有几个女工偷偷用围裙擦着眼泪,男工们则互相推搡着,脸上笑开了花。
几个半大的孩子从大人腿缝里钻出来,仰着脖子盯着鸡笼里的芦花鸡,忍不住咽了咽口水。
“都别在这儿愣着了!”赵振国指着屠宰车间的方向,大声喊道:“男同志们搭把手卸鸡笼,女同志们辛苦去烧几大锅热水!今天给大伙加菜,管够!保证让每个人都吃撑!”
人群立刻像分流水似的散开,有的跑去仓库拿麻绳,有的拎着水桶冲向厨房,就连平时干活最蔫的小李,也小跑着去搬梯子,脸上带着难得的劲头。

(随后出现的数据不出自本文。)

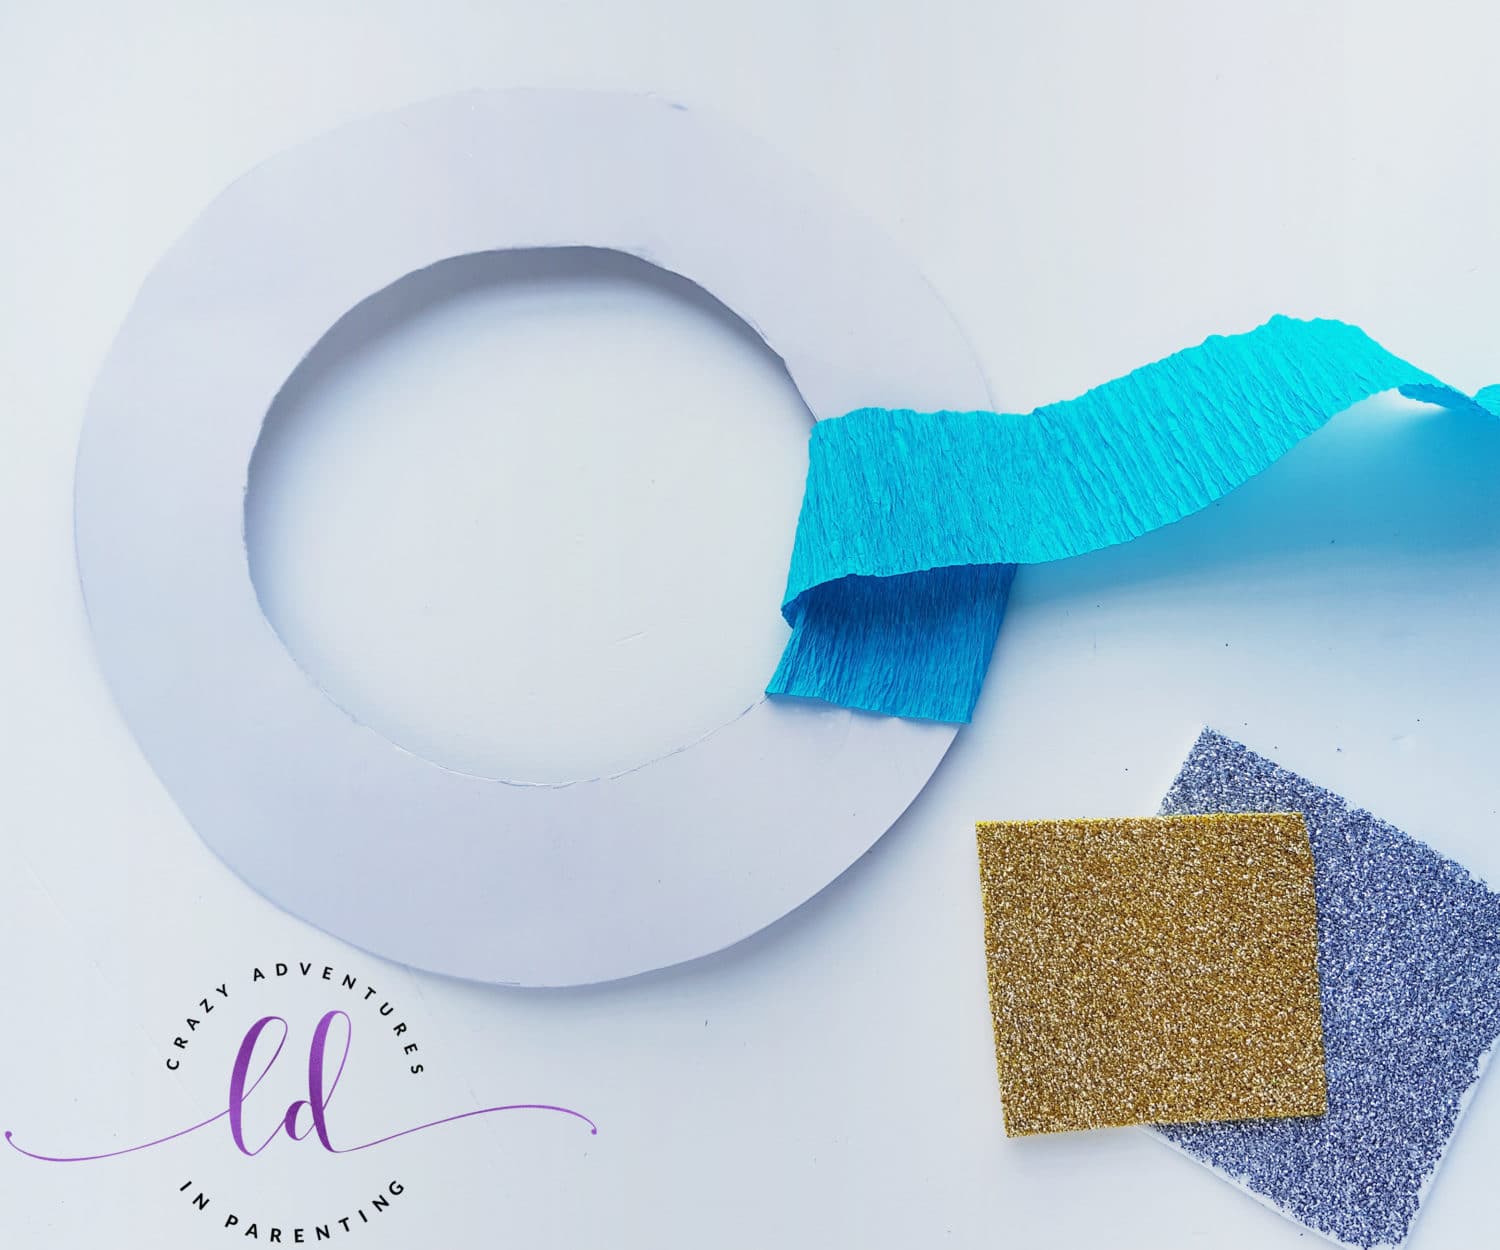 Begin Wrapping Crepe Paper Around Wreath Base to Make This Easy Frozen Wreath Craft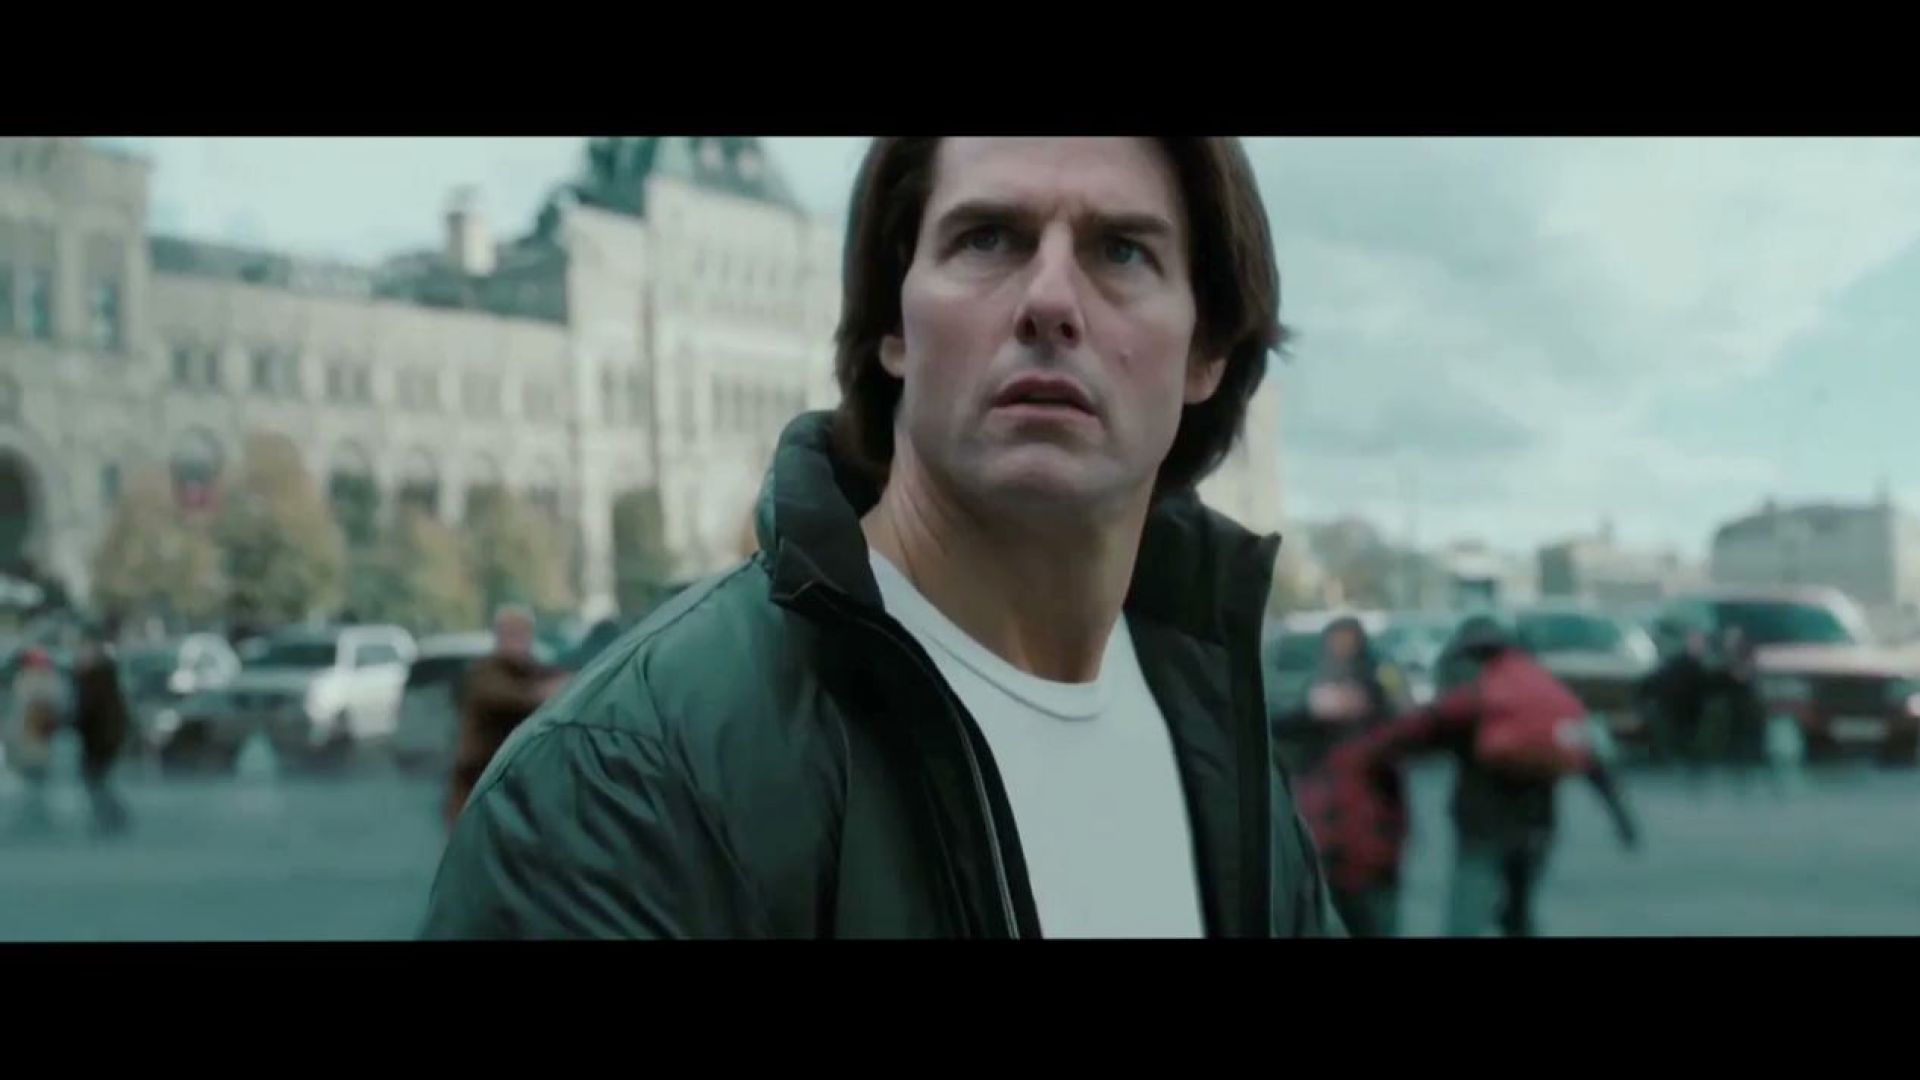 The Russians are classifying this as an undeclared act of war. Mission: Impossible - Ghost Protocol

赵振国站在卡车车厢上,看着眼前这热火朝天的景象,眼眶不禁一热,心里那股子连日来的焦虑和奔波带来的疲惫,一下子烟消云散了,只剩下满满的踏实。
这些天的辛苦,终究是值得的。
正午的阳光炽热无比,把食堂的铁皮屋顶晒得滚烫,用手一摸都能感觉到灼人的温度。
厨房的烟囱里冒出的白烟,比往日粗了好几倍,在蓝天上拖出长长的尾巴。
八口大铁锅在灶台上火光熊熊,锅里的水“咕嘟咕嘟”地沸腾着,水面上翻滚着细密的气泡。
褪了毛洗干净的芦花鸡在滚水里上下翻腾,姜片与葱段随着漩涡打着转,浓郁的肉香混着八角、桂皮的辛香,从厨房的通风口悠悠钻出来,像长了腿似的,钻进各个车间,勾得人心里直痒痒。
“开饭咯——”炊事班长扯着嗓子大声喊了一声,声音刚落,食堂门口就排起了长长的队伍,工人们手里都紧紧攥着搪瓷碗,碗沿上还留着没擦干净的饭渍。
大伙攥着搪瓷碗的手都微微发颤,碗沿互相碰撞,发出“叮叮当当”的声响。
有人忍不住踮着脚往厨房里瞅,脖子伸得像只大白鹅;有人一边使劲咽着口水,一边用手指摩挲着碗边,眼神里满是期待。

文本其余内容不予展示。